*Input data*:
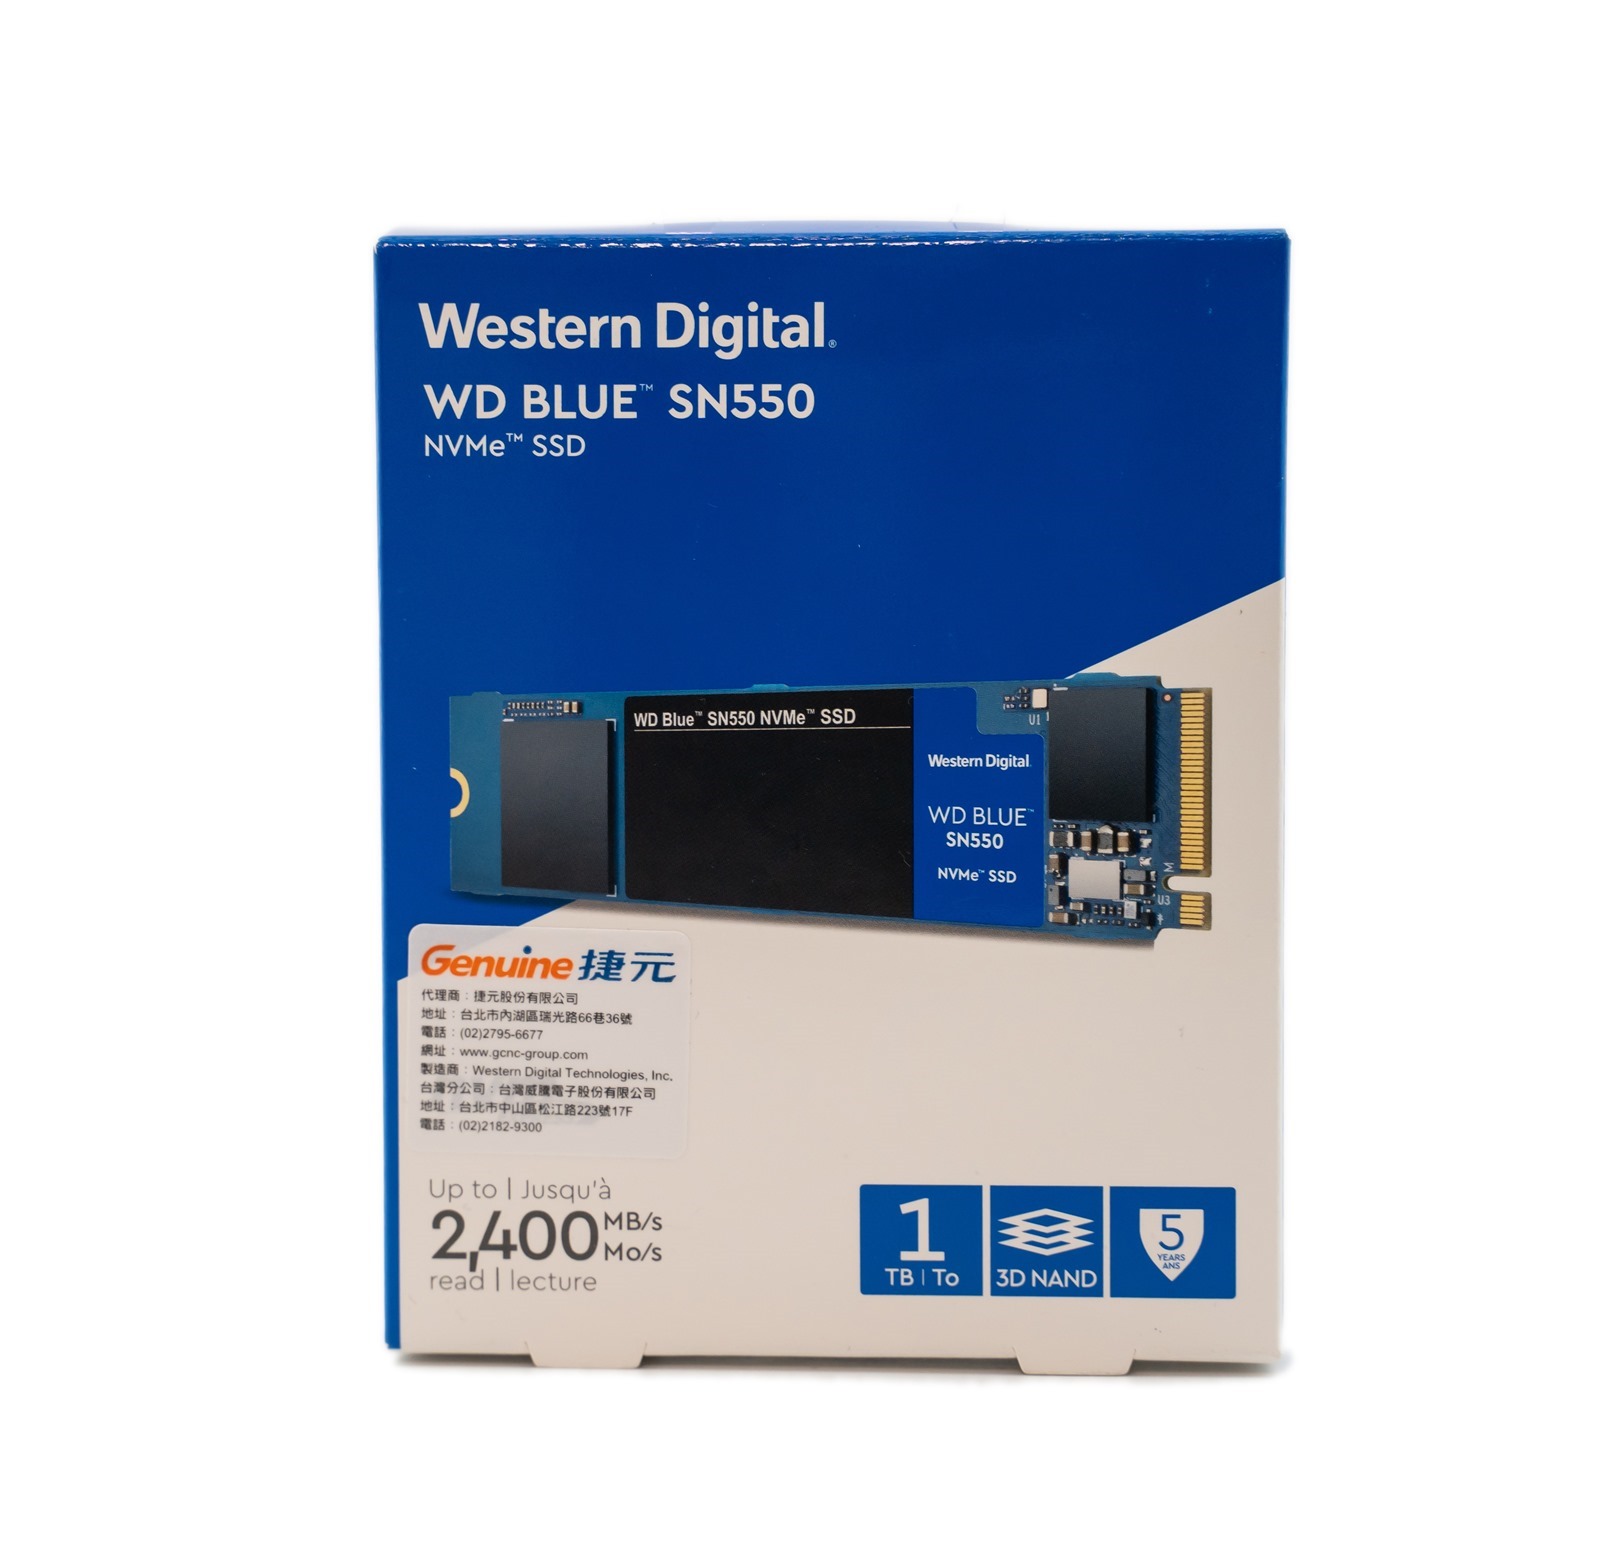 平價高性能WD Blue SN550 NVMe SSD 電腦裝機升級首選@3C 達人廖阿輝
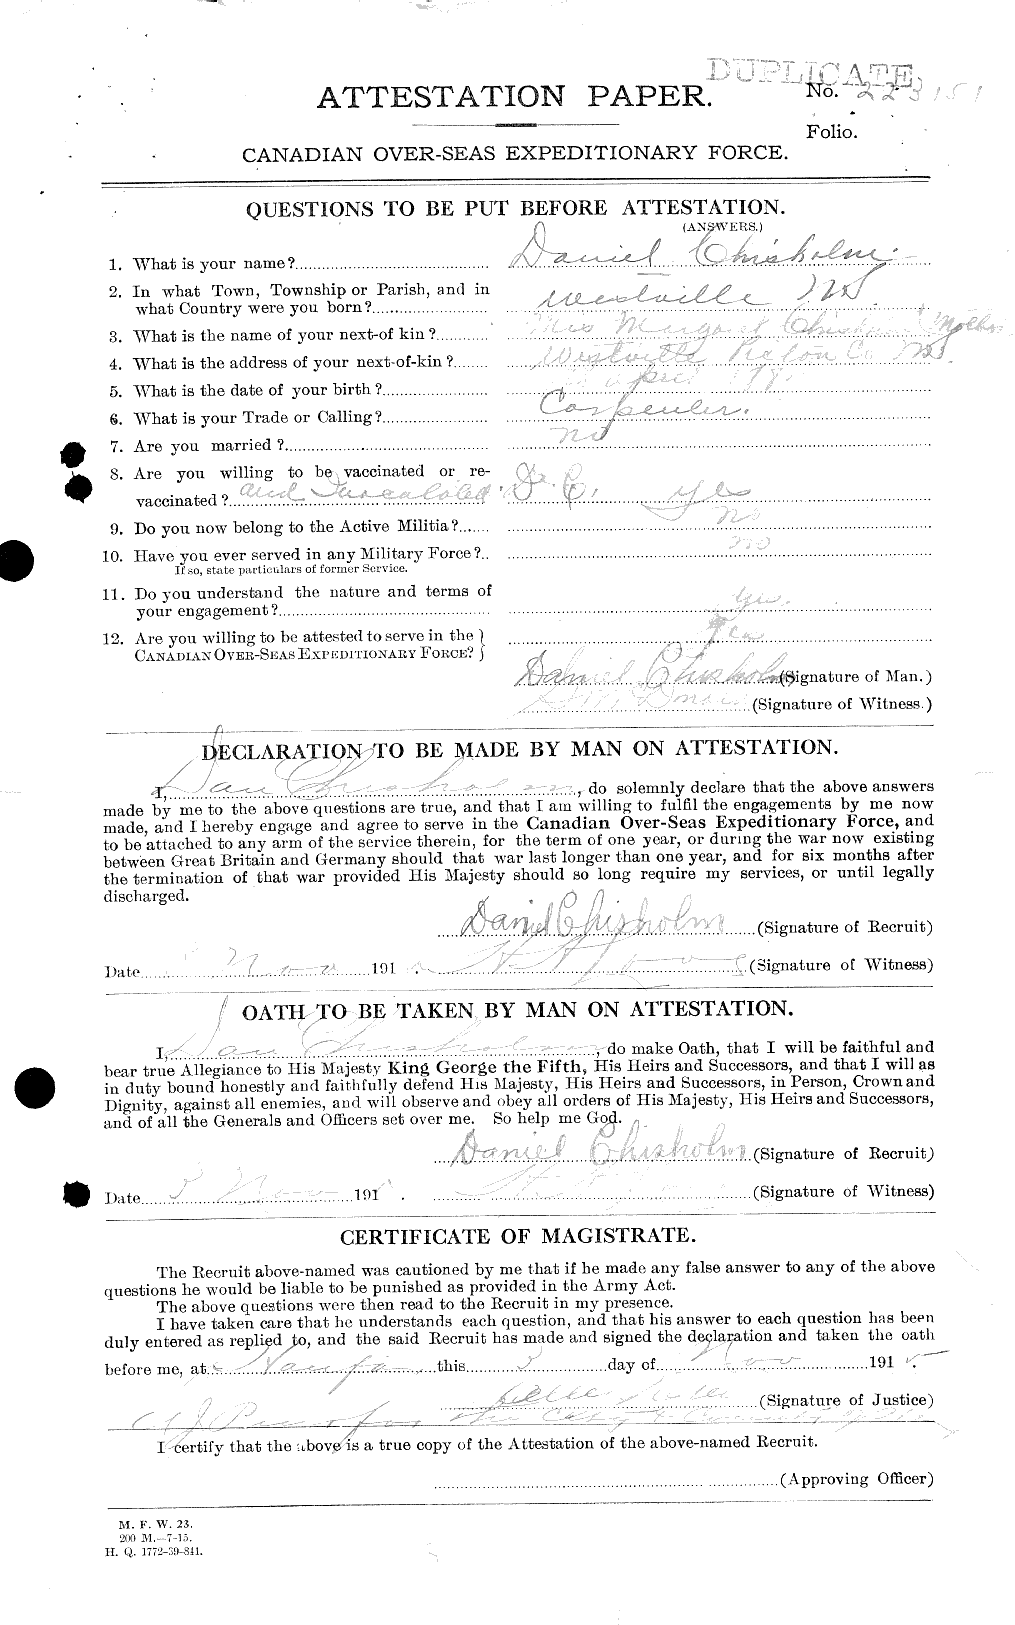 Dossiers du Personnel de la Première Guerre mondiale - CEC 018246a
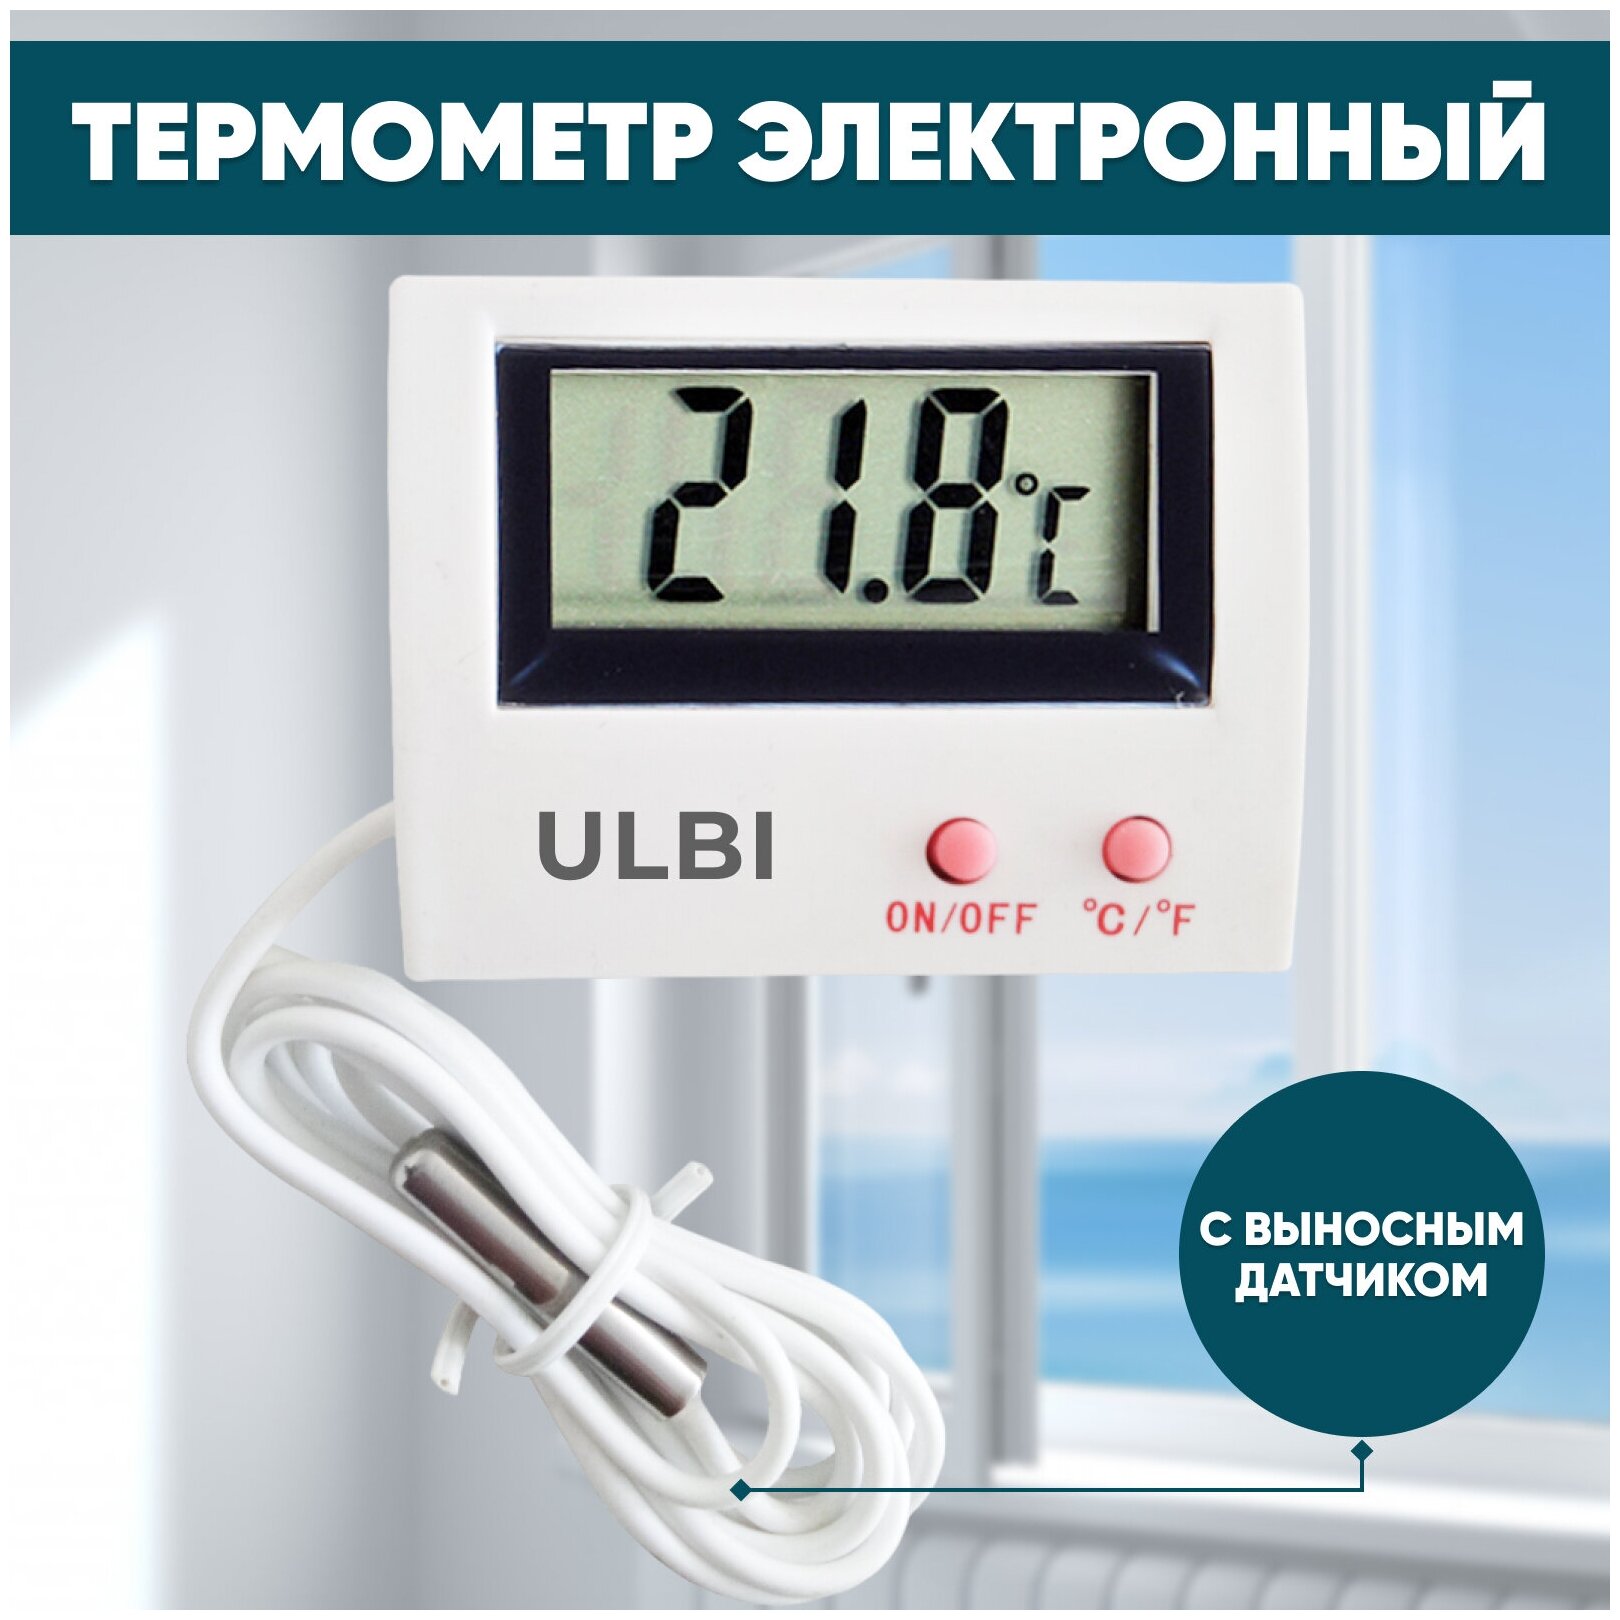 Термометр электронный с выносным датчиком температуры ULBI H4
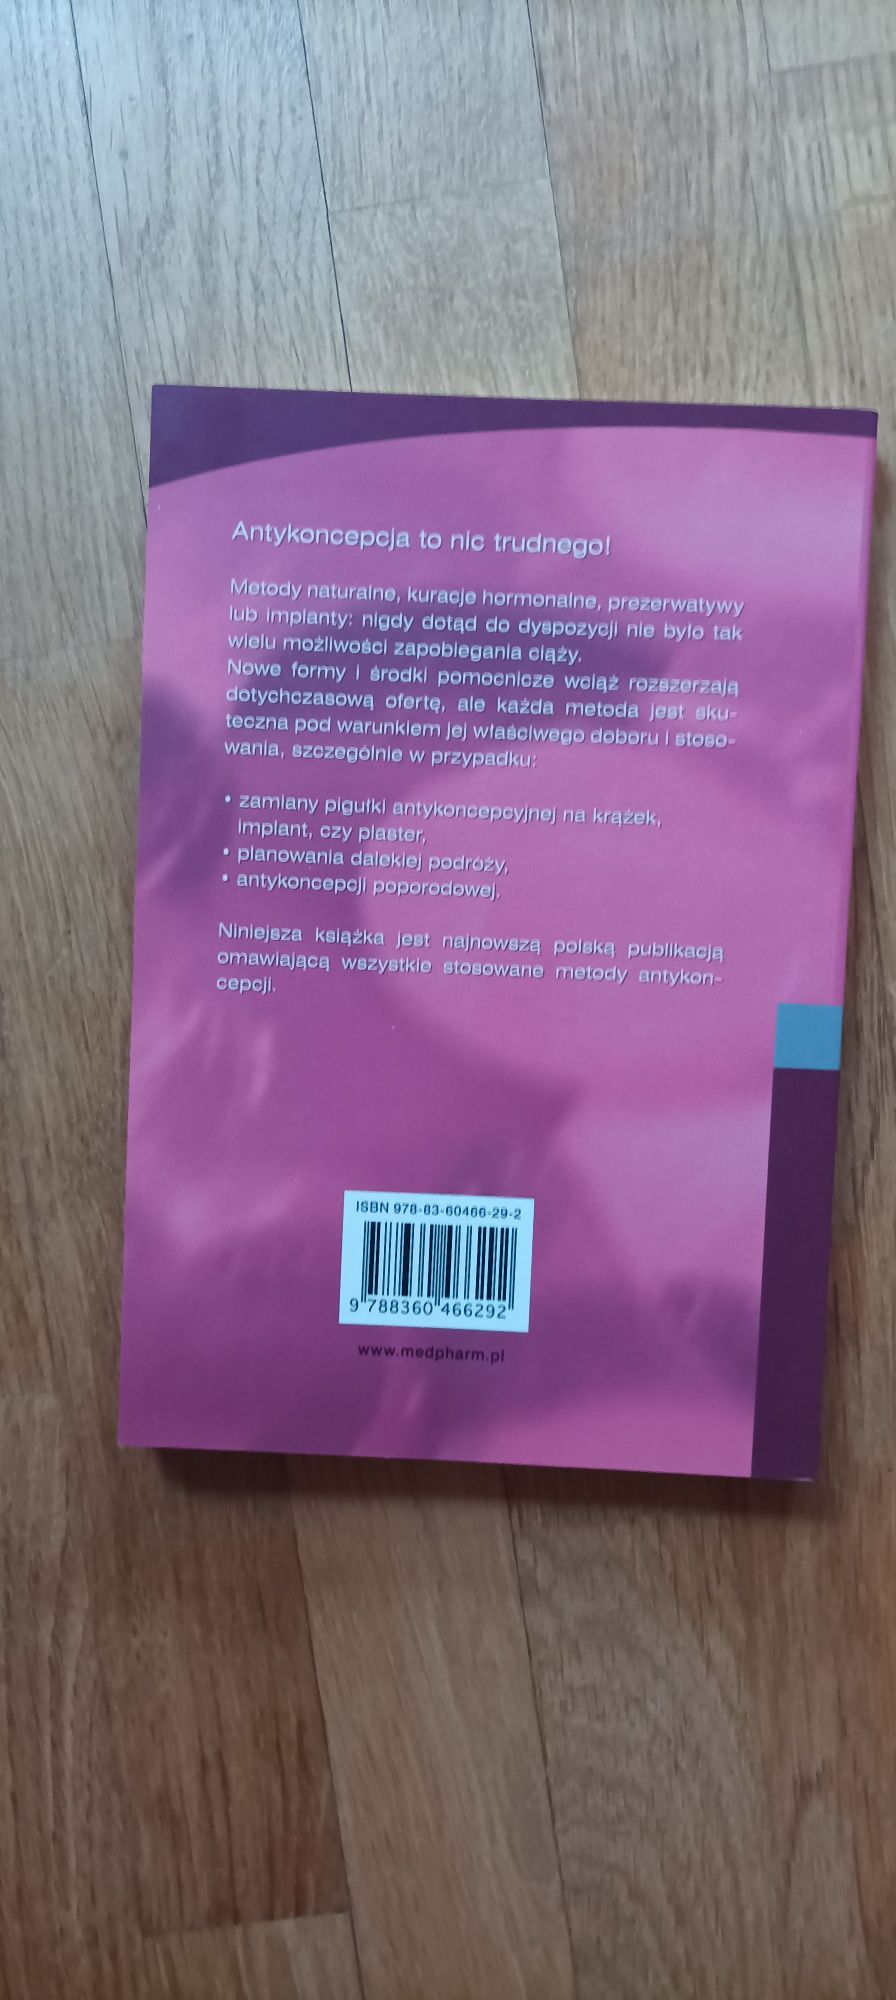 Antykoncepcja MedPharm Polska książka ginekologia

*Problem description*:
Your task is to repeat the material above exactly, without its pictures.

*Solution for this task*:
 平價高性能WD Blue SN550 NVMe SSD 電腦裝機升級首選@3C 達人廖阿輝
 Dossiers du Personnel de la Première Guerre mondiale - CEC 018246a
 Термометр электронный с выносным датчиком температуры ULBI H4
 Antykoncepcja MedPharm Polska książka ginekologia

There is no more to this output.